The incident sparked debate among media and fans about whether the Browns should cut Gordon. Owner Jimmy Haslam said last month the Browns never considered releasing Gordon.
His teammates also insisted they still had his back.
"We support him," quarterback Brian Hoyer said last month. "We know the type of person Josh is on and off the field and what he's capable of, and we're here for him. When someone does something wrong, you can't cast them to the side. We know how important he is to the organization. I'm sure if you ask any of these guys, we're here to support him in any way possible. If he were to come to me and ask for something, I'd be more than willing to do it."
Gordon had another run-in with the law about six weeks before the DWI arrest.
A Cuyahoga County Sheriff's deputy issued him a speeding ticket May 25 for traveling northbound on Interstate 71 in Strongsville at 74 mph in a 60 mph zone. More questions were raised about Gordon's priorities and judgment because a passenger in his vehicle received a citation for possession of marijuana in an amount less than 200 grams during the traffic stop.
Gordon's activity away from football has been his downfall for a while.
He was suspended for the first two games and docked four game checks last season for violating the substance-abuse policy. He blamed prescription cough medicine containing codeine, a substance banned by the NFL, for triggering a failed drug test that led to the first suspension.
The 6-foot-3, 225-pound Gordon also failed three marijuana tests in college. The first two resulted in his dismissal from Baylor University. He later transferred to the University of Utah, where he tested positive for marijuana again.
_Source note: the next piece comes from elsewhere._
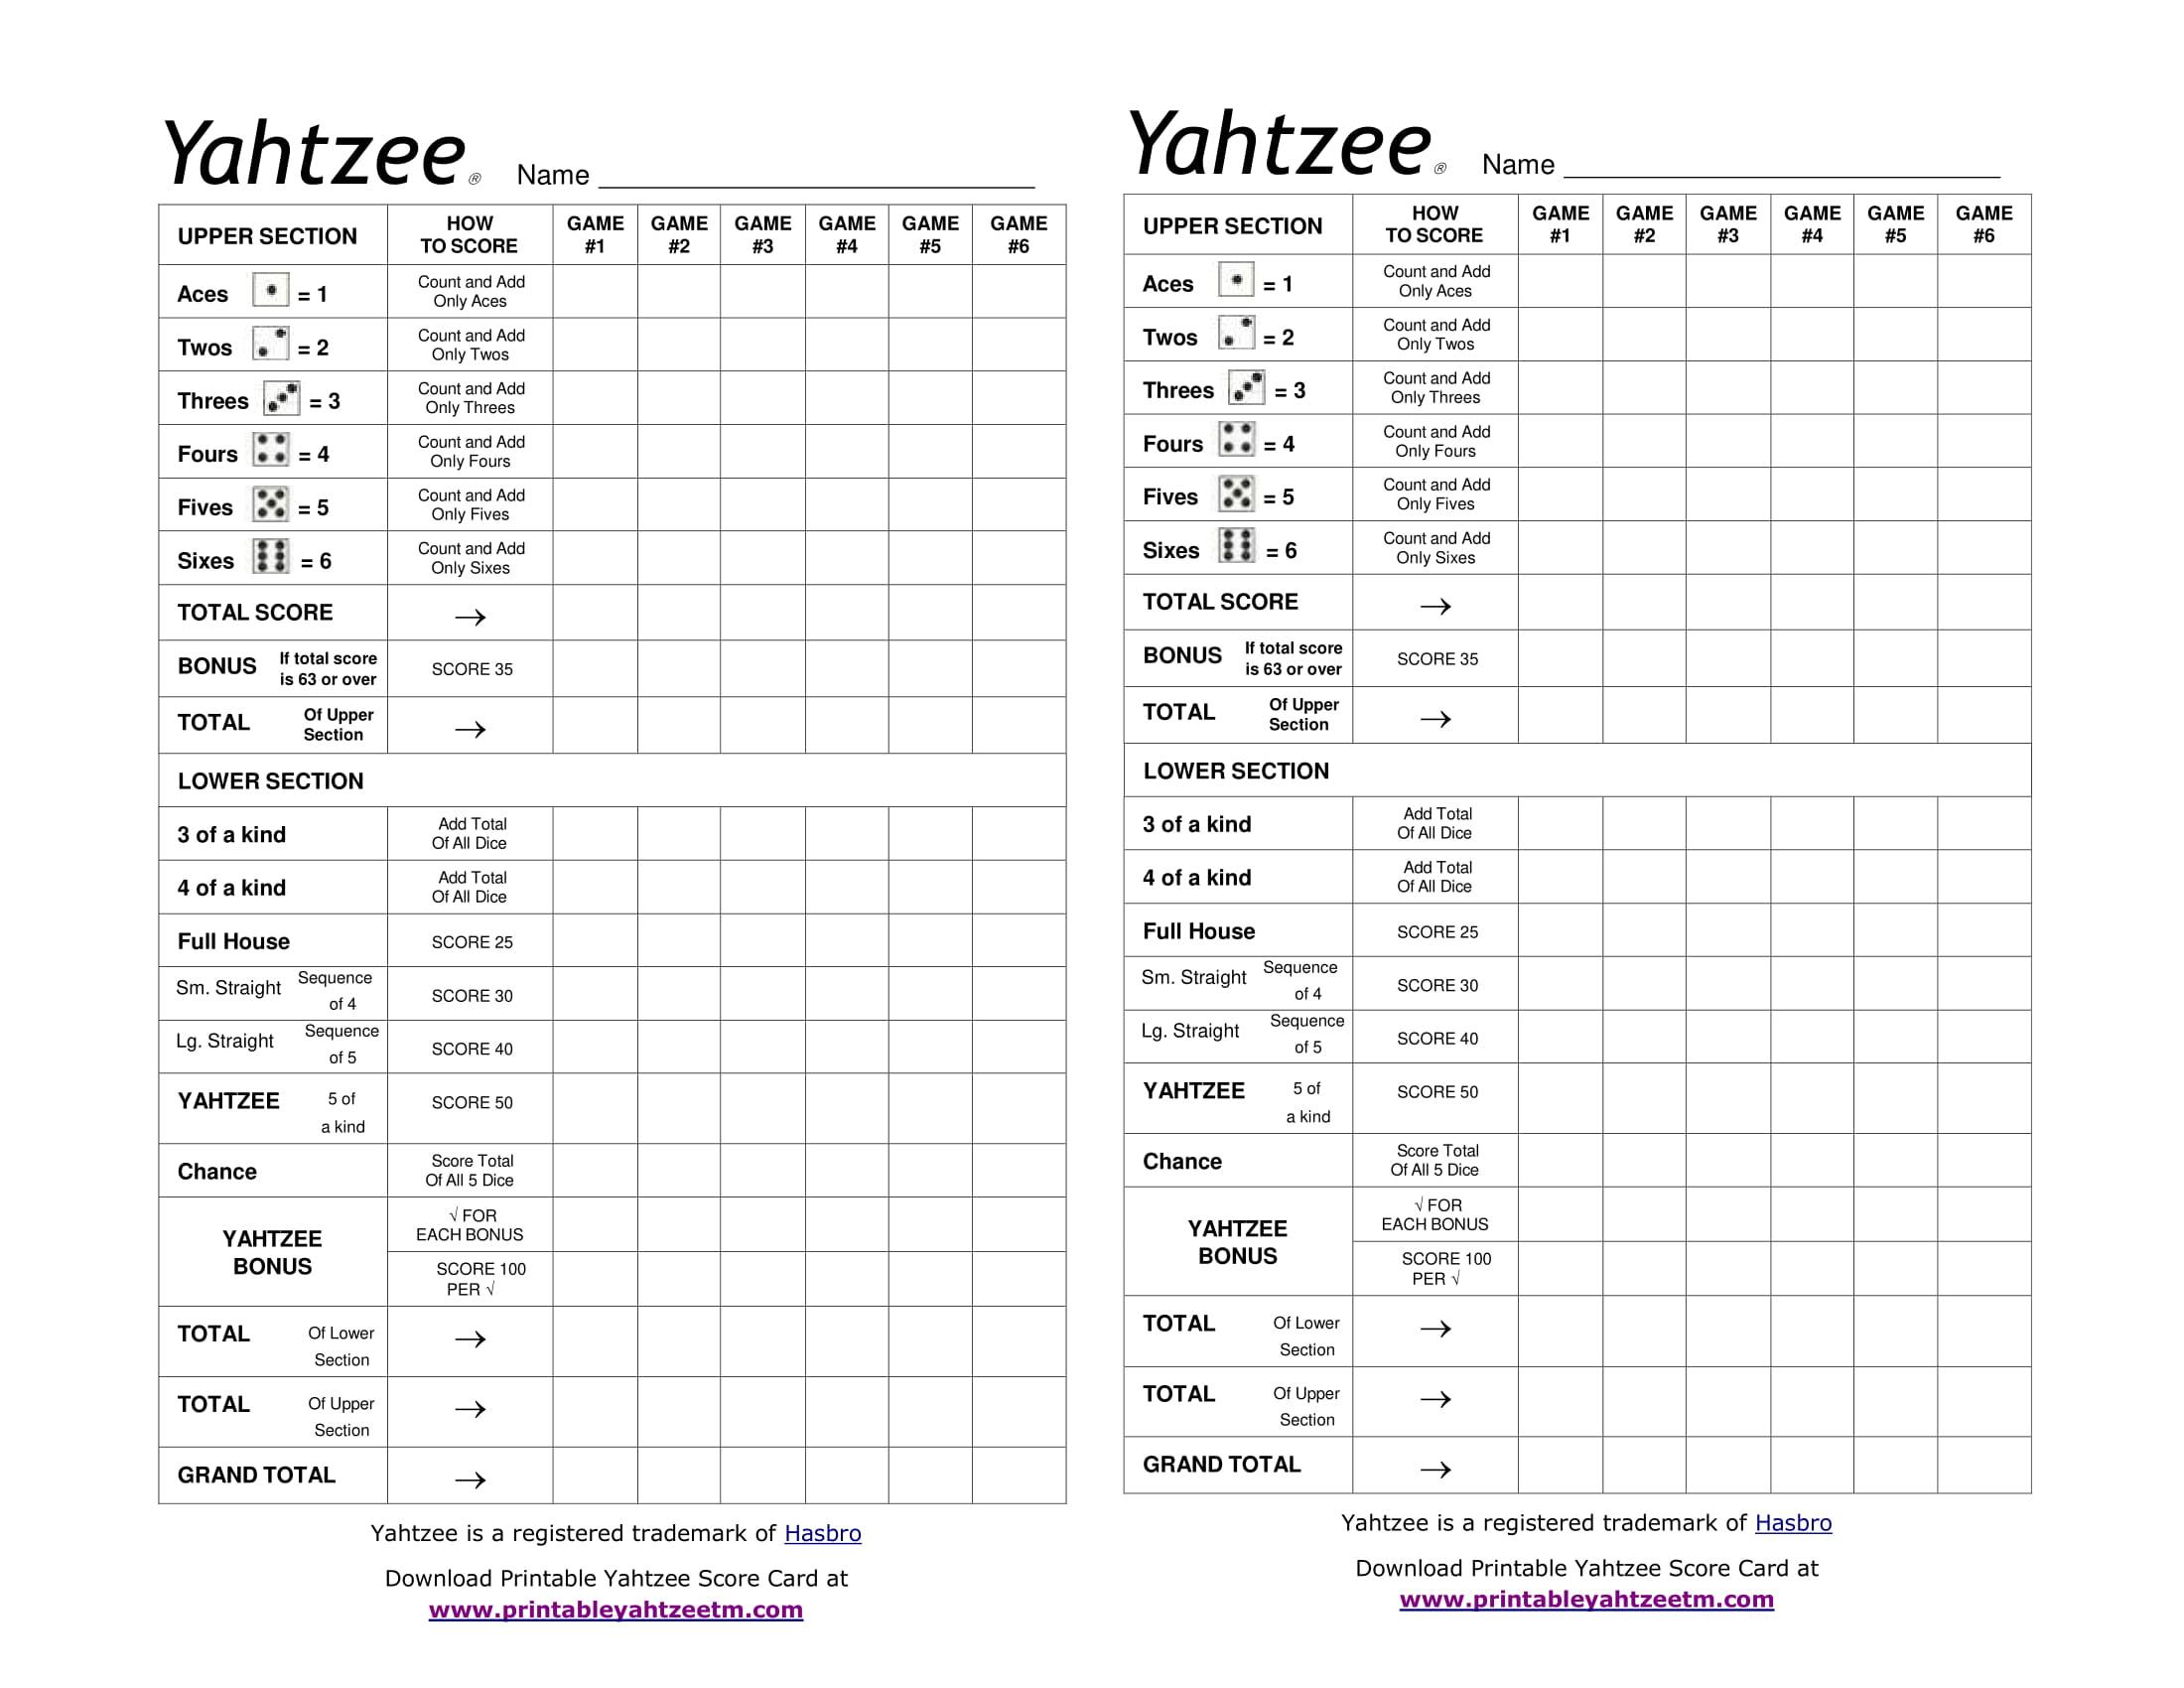 Printable Yahtzee Score Card-1

Even though Gordon was surrounded by red flags, former Browns General Manager Tom Heckert gambled by spending a second-round pick on him in the 2012 supplemental draft. Gordon didn't disappoint as a rookie, tallying 50 catches for 805 yards and five touchdowns.
Former Browns CEO Joe Banner and ex-GM Mike Lombardi entertained trade offers for Gordon last fall because they knew another drug violation could result in a minimum yearlong ban from the NFL. But after Gordon returned from the two-game suspension last season, he proved his phenomenal talent by producing one of the best seasons any receiver has ever had.
The Browns started three quarterbacks last season because of injuries and poor performance, but Gordon still finished the year as the NFL's leader in receiving yards (1,646, which ranks 10th all time) and receiving yards per game (117.6, which ranks sixth all time). He also had 87 catches and nine touchdowns, earning Associated Press first-team All-Pro honors and his first Pro Bowl selection. Gordon ranked 16th on the NFL Network's The Top 100 Players of 2014. Players vote to form the list.
"Anytime you lose the leading receiver in the NFL, it's not a good thing," Pro Bowl tight end Jordan Cameron said in May. "It will be a void definitely. 1/8Offensive coordinator3/8 Kyle 1/8Shanahan3/8 is a smart guy. He'll find a way to fill that void, and we've got some playmakers that will fill in and try to fill that void the best we can."
The Browns, though, won't be able to come close to fully compensating for the loss of Gordon. General Manager Ray Farmer didn't pick a receiver in May's draft, even though he knew about Gordon's predicament.
Cameron becomes the top receiving threat with Gordon removed from the equation. Meanwhile, the receiving corps is filled with veterans who have durability concerns such as Andrew Hawkins, Miles Austin and Nate Burleson, unproven young players such as Charles Johnson and Travis Benjamin and undrafted rookies such as Tayor Gabriel and Willie Snead.